Hardware acceleration for conservative parallel discrete event simulation on multi-core systems
Lynch, Elizabeth Whitaker
MetadataShow full item record
Multi-core architectures are becoming more common and core counts continue to increase. There are six- and eight-core chips currently in production, such as Intel Gulftown, and many-core chips with dozens of cores, such as the Intel Teraflops 80-core chip, are projected in the next five years. However, adding more cores often does not improve the performance of applications. It would be desirable to take advantage of the multi-core environment to speed up parallel discrete event simulation. The current bottleneck for many parallel simulations is time synchronization. This is especially true for simulations of wireless networks and on-chip networks, which have low lookahead. Message passing is also a common simulation bottleneck. In order to address the issue of time synchronization, we have designed hardware at a functional level that performs the time synchronization for parallel discrete event simulation asynchronously and in just a few clock cycles, eliminating the need for global communication with message passing or lock contention for shared memory.

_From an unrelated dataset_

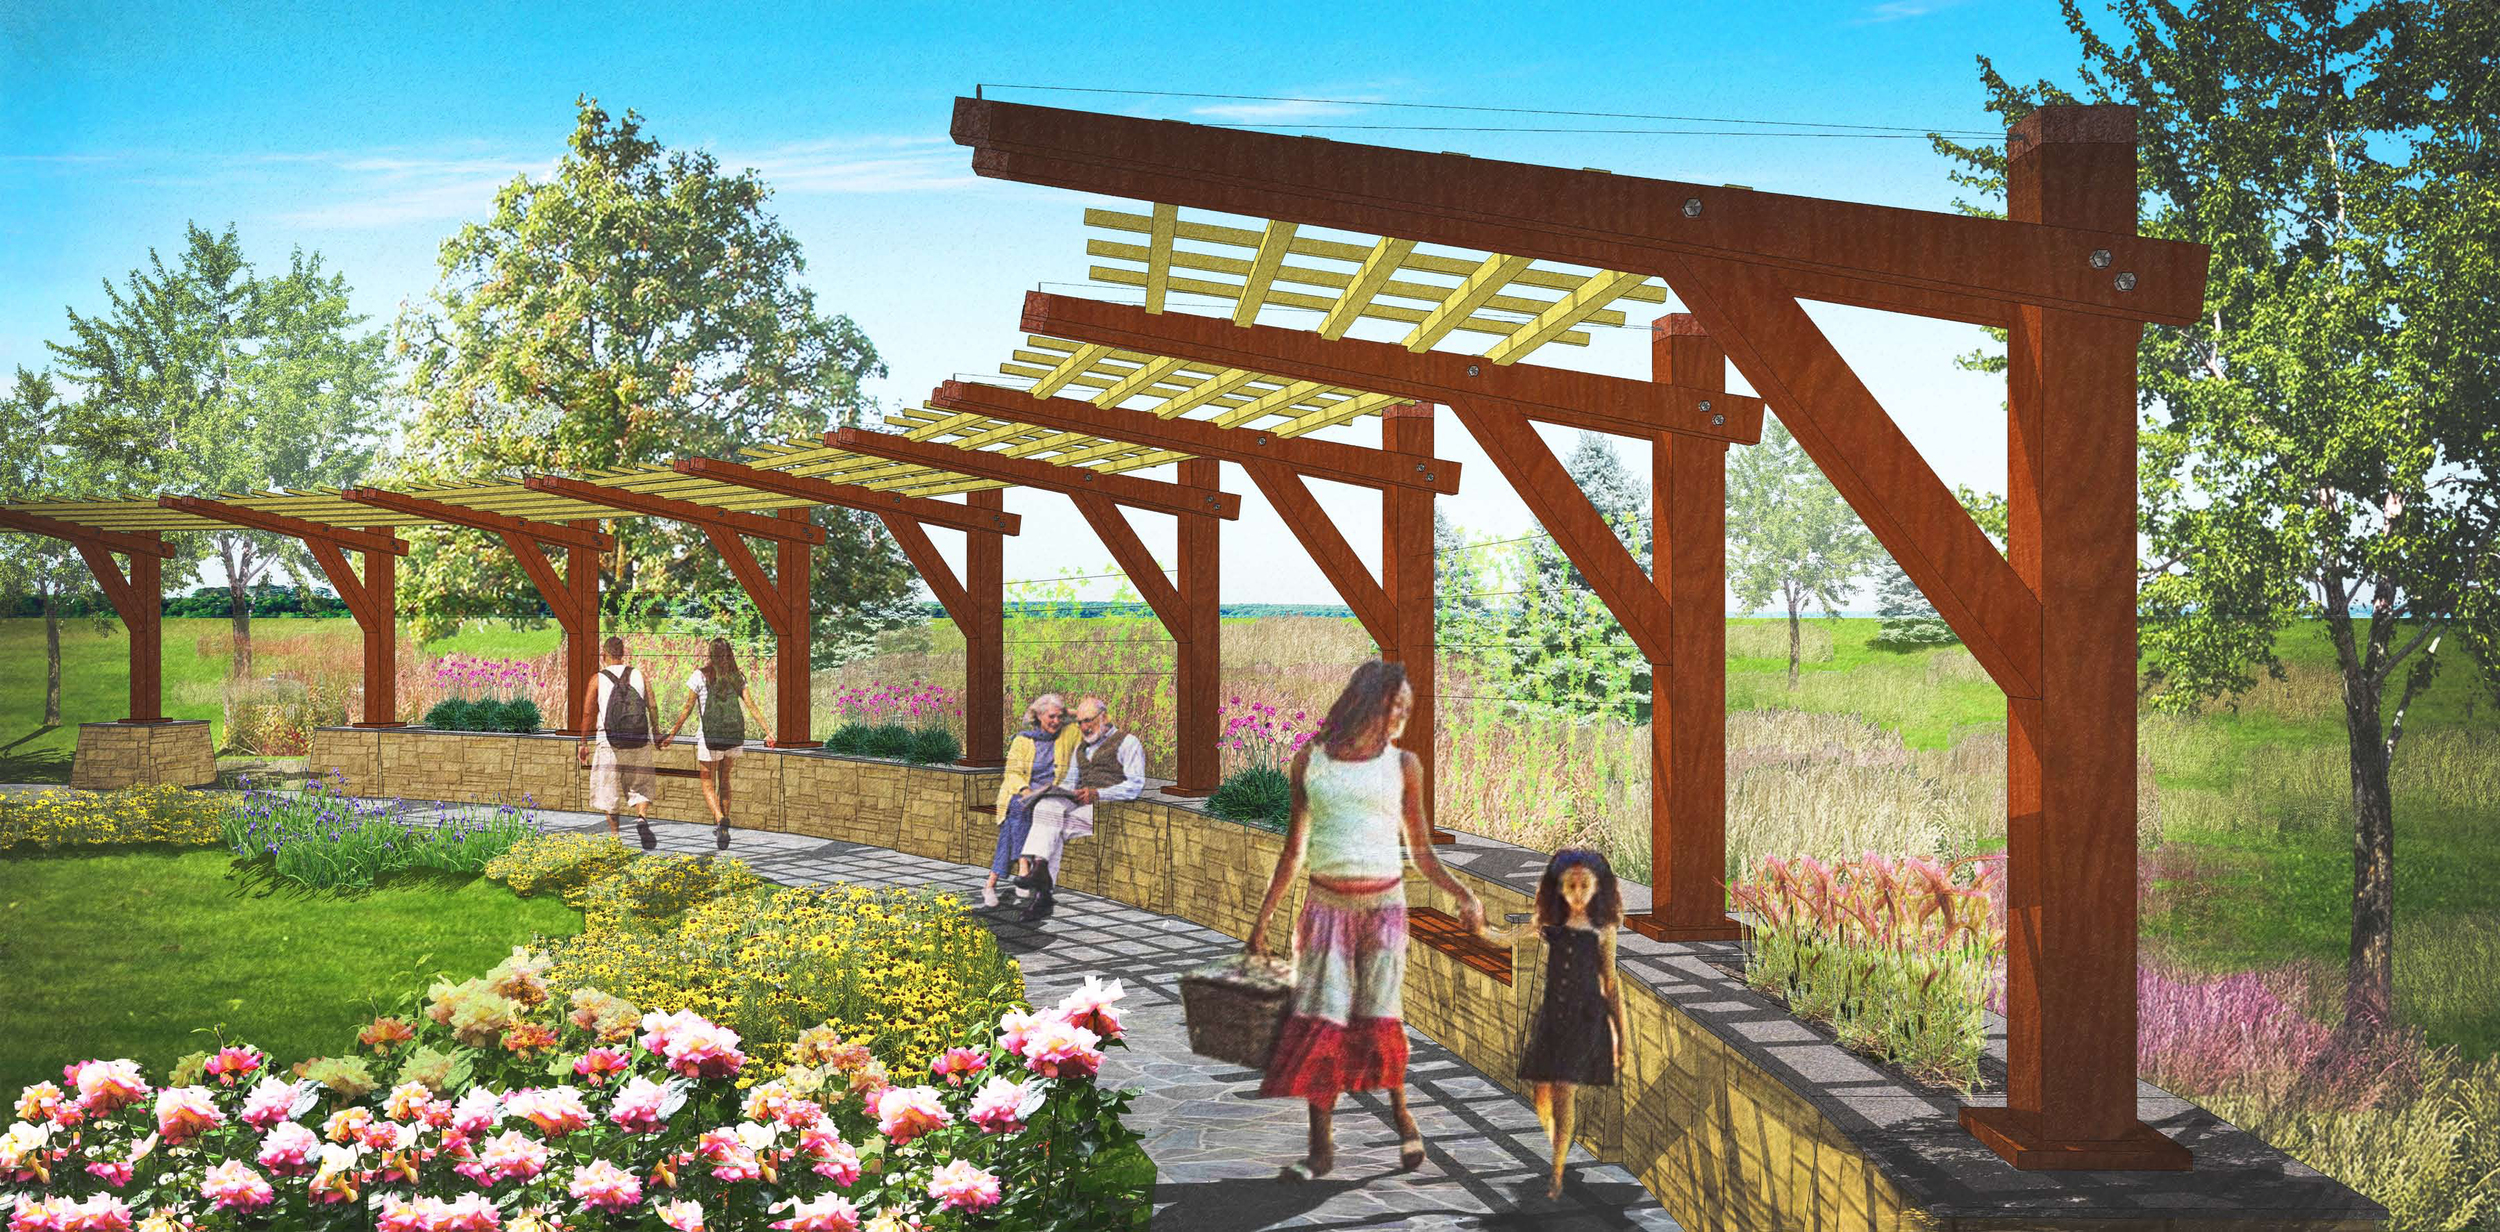 Pergola and Garden Design

This hardware, the Global Synchronization Unit, consists of 3 register files, each the size of the number of cores, and is accessed using 5 new atomic instructions. In order to reduce the simulation overhead from message passing, we have also designed two independent pieces of hardware at a functional level, the Atomic Shared Heap and Atomic Message Passing, which can be used to perform lock-free, zero-copy message passing on a multi-core system. The impact of these specialized hardware units on the performance of parallel discrete event simulation is assessed and compared to traditional shared-memory techniques.